**DATASET RECORDS:**

Start of Block

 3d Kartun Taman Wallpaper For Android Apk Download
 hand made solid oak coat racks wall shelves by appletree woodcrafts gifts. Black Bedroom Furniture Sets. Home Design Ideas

End of Block
Start of Block

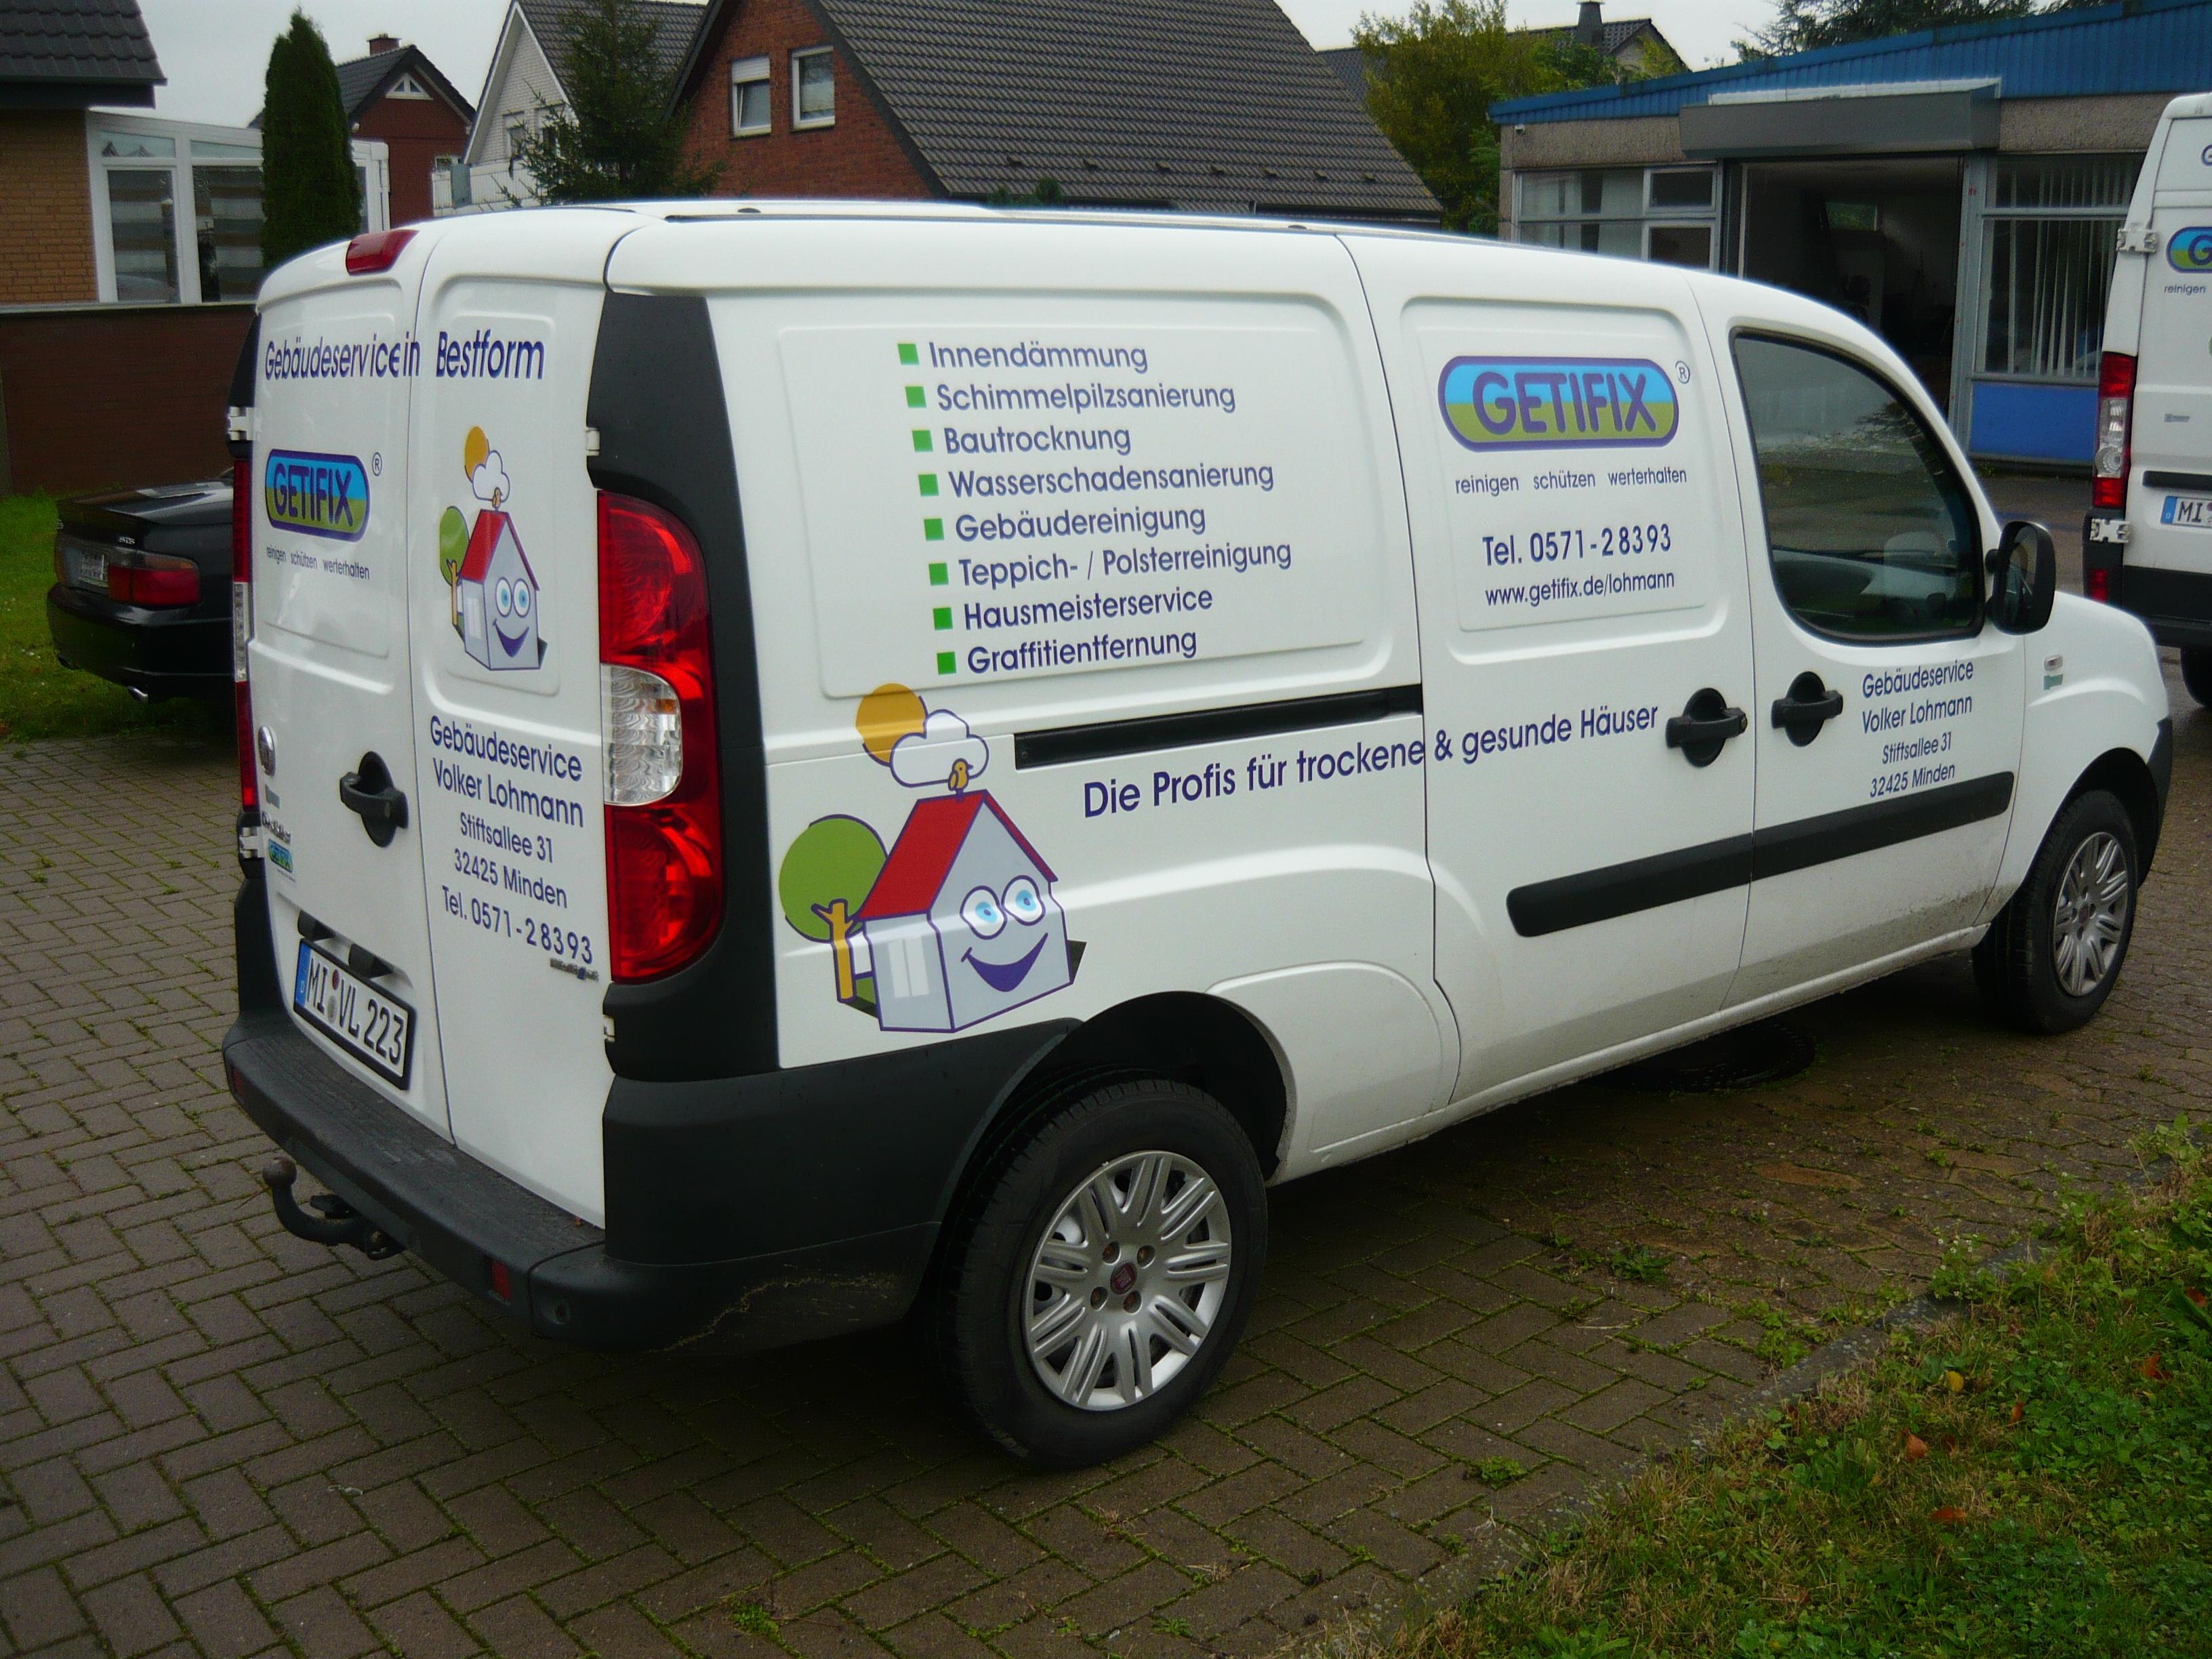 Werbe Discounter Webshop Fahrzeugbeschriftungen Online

End of Block

Using the data above, transcribe the lines that run from the line with "3d Kartun Taman" to the line with "hand made solid", both ends kept, and output nothing else.

 3d Kartun Taman Wallpaper For Android Apk Download
 hand made solid oak coat racks wall shelves by appletree woodcrafts gifts. Black Bedroom Furniture Sets. Home Design Ideas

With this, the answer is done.